802.1x Port Authentication - Default Timeout

Hi, FortiOS 5.0 and 5.2 do not support 802.1X on wired ports. It is supported for WPA/WPA2-Enterprise, but not on the 90D according to the Handbook and the CLI Reference.

Correct and what do you mean by re-key? Are you using this for WEP or WPA? How the rekey process takes places it' s going to be determine by the protocol being used.

set auth timeout 1

has nothing todo with re-key btw.

802.1X should be supported. I have it both in GUI and CLI on my 60D: FW01 (internal) # set security-mode none No security option. captive-portal Captive portal authentication. 802.1X 802.1X port-based authentication.

First off, thank you both for responding. Now for the first response. 802.1x Port authentication is supported on the 90D. We are currently testing this in production and is working on both Windows Servers and Wyse Thin Clients. The reason for this question, is related to the amount of time the LAN connected device is allowed to remain on the network in an " idle" state, prior to being forced to re-authenticate. Based on testing we are performing, we see the LAN connected devices being forced to re-authenticate every hour. I am trying to determine where this is controlled in the configuration and determine what the time-out range is. We need to extend this period to eight hours or more in case there is a WAN failure, so the Thin Clients can continue to access the local application server. Now for the second response. In Cisco speak this is related to the " dot1x timeout re-authperiod " in seconds. This is well documented on the Cisco side and clear to understand, but when trying to identify the equivalent commands on the Fotinet side it is elusive. In terms of the " Re-Key" that is something I have heard from Cisco TAC as well as engineers, but I am not going to argue that point. I would assume they are talking about how the password is encrypted when the re-authentication period expires and using the EAP supplicant on the LAN attached device. I would simply like to locate a document on the Fortinet site that talks about NAC authentication, specifically how it is implemented on LAN ports and clearly identify all command line configuration options. Once again thanks for your response. George,

Posts: 2215 Score: 53 Joined: 7/3/2007 From: Gothenburg - Sweden RE: 802.1x Port Authentication - Def... (in reply to Tank) Reply Forward New Messages 802.1X should be supported. I have it both in GUI and CLI on my 60D: FW01 (internal) # set security-mode none No security option. captive-portal Captive portal authentication. 802.1X 802.1X port-based authentication.

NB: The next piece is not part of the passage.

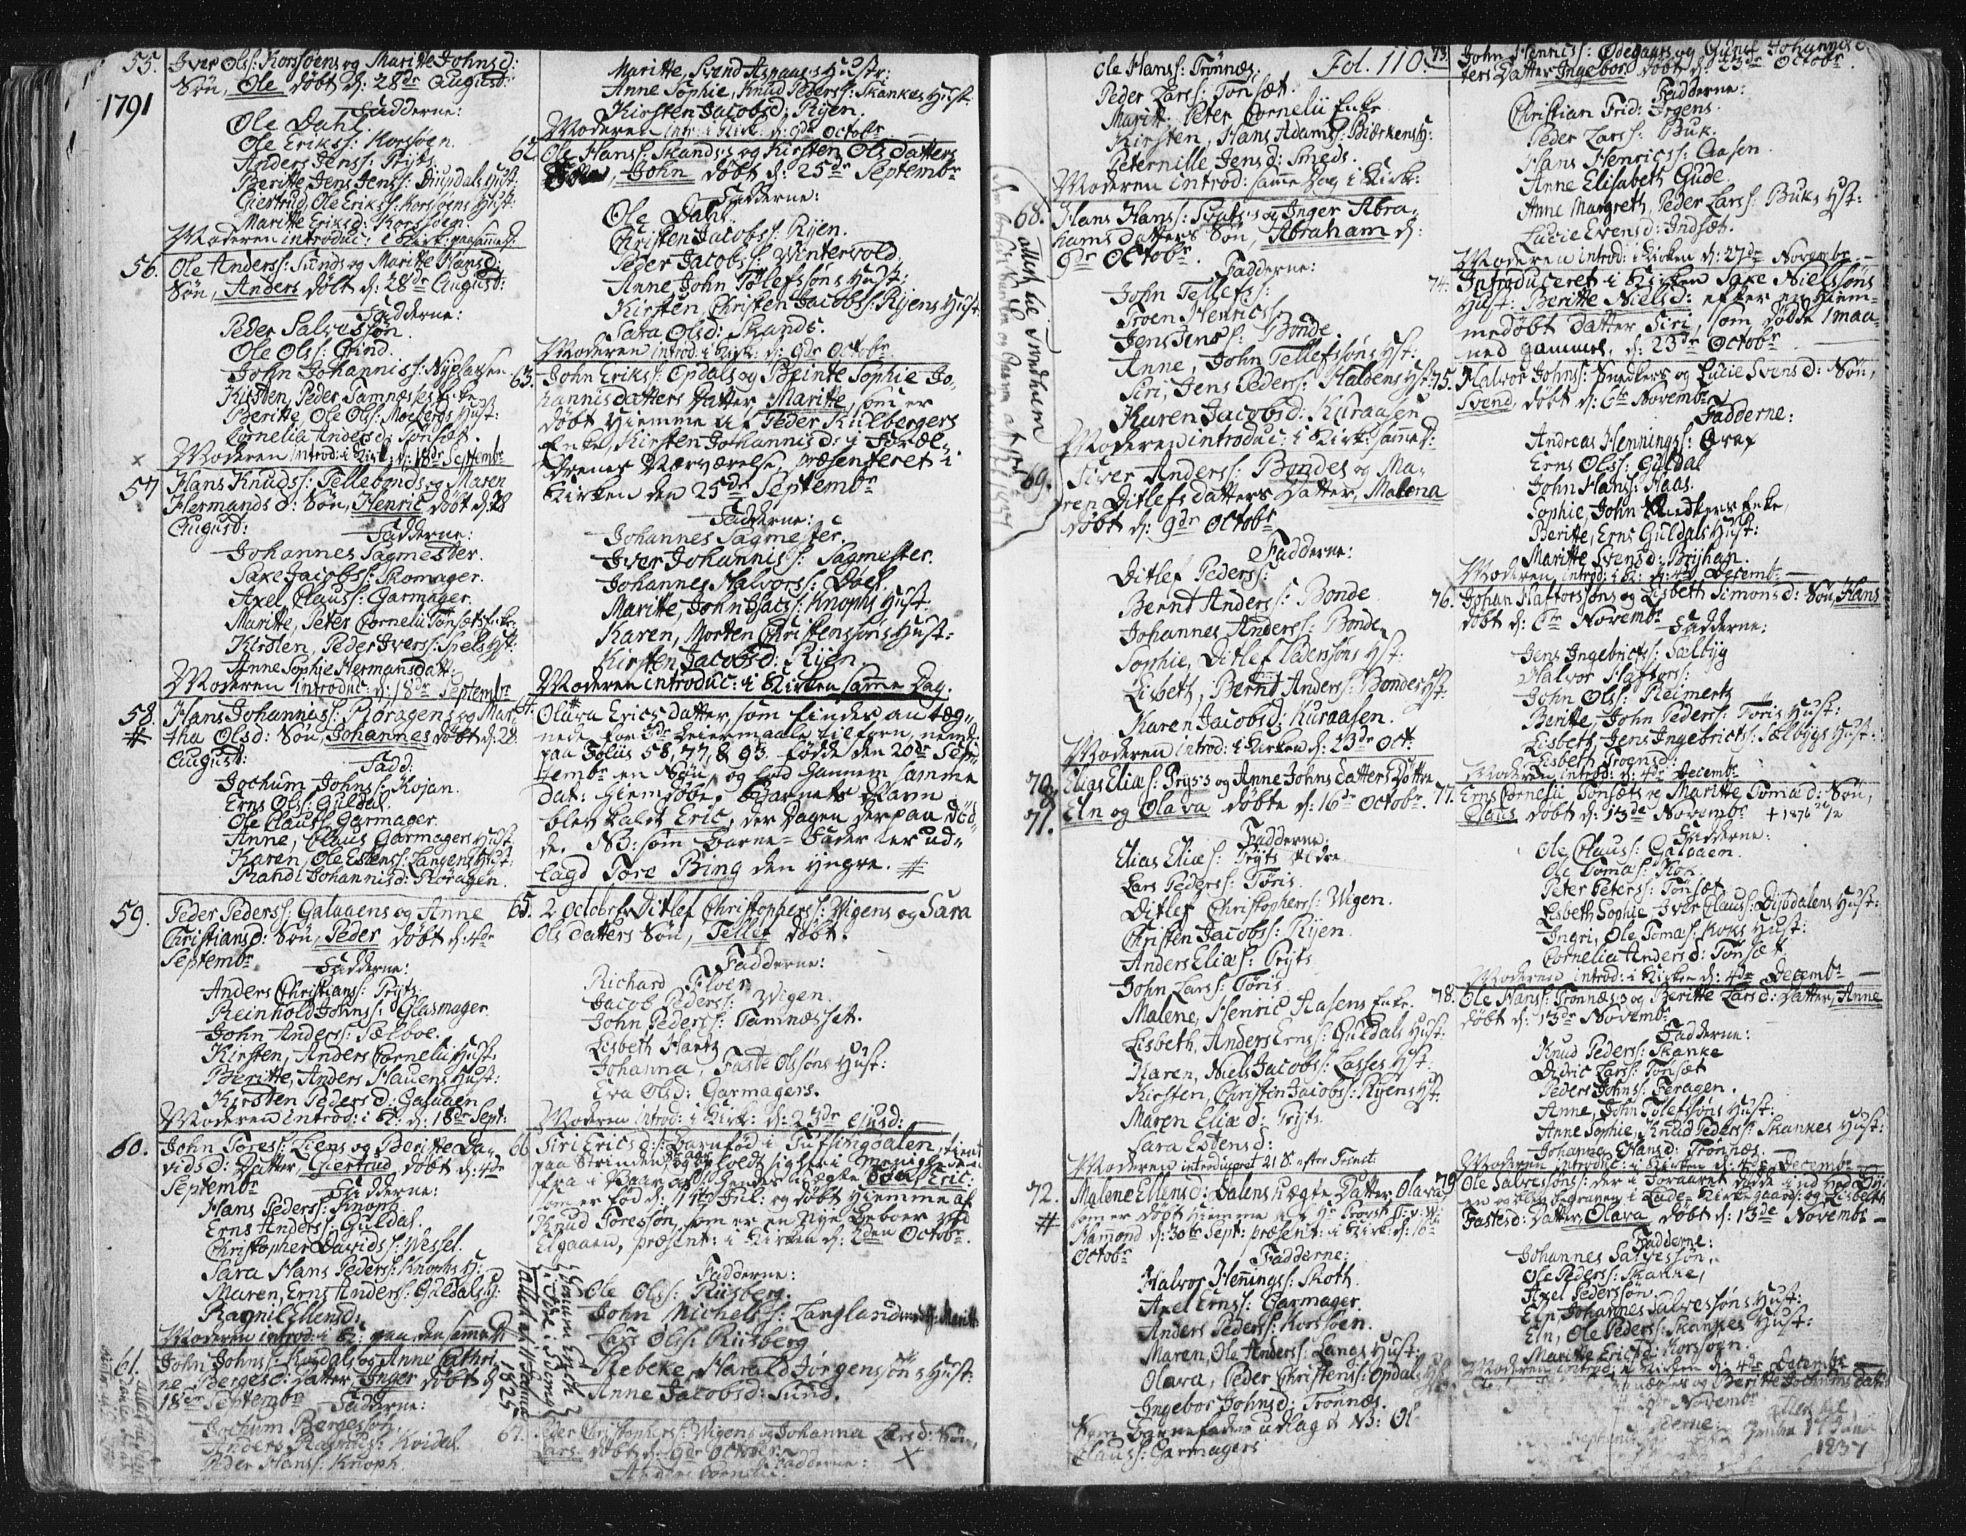 SAT, Ministerialprotokoller, klokkerbøker og fødselsregistre - Sør-Trøndelag, 681/L0926: Ministerialbok nr. 681A04, 1767-1797, s. 110

What version ? what mode ( fips or none )? It' s difenetely not in my 60D 5.2.1. Is a option that needs a global setting? Op, what your looking for is like the cisco " dot1x re-authentication" cmd or something similar. I know the fortiswitch supports 802.1x and believe they have that options in the fortiswitch, maybe some one with a fortiswitch might chime in.

Hi Emnoc, Right now Im using 5.2.1, but it has been available since 5.0.

100D does have it as well, not on individual ports but on hard-switch interfaces and likely only on the internal switch in switch mode.

Good point, I had checked on a fortigate in port interface mode

Hello Everyone, When we were initially evaluating new Fortinet replacements we evaluated the 100D which is a true hardware switch and my recommendation, but unfortunately management had other ideas (If you know what I mean :) ) and the decision was made to go with the 90D. Of course the 90d becomes a software switch when you start breaking up the ports, but not a big concern since we are not developing rockets at retail locations. To make a long story short, we wanted to preserve the existing subnets and rather than breaking them up, we created a " Layer 2" VDOM for one of the main subnets, not a problem so far. Next, we wanted to enable NAC (802.1x) on selected ports and that' s when the bottom fell out. After research and conversations with Fortinet we learned they did not support NAC on Layer 2 ports. Now the good news. After additional discussions we learned that we were not the only company requesting this functionality and discovered there was a custom version of firmware for the 90D that would support NAC on a Layer 2 port. We have confirmed this is fully functional and working, but I am still trying to identify the elusive " idle time-out" range and how to modify. At the present time we are running FWF90D Custom firmware version: v5.0,build3816 (GA). This is a build from 5.0.9. It is my understanding that this custom build is slated to be included in the upcoming 5.2.x, but I do not have a confirmed date.

Hi Tank, Do you have way to change timeout to 8 hours on Wyse Thin Clients ? FGT only de-auth when it received EAPOL logoff or link down.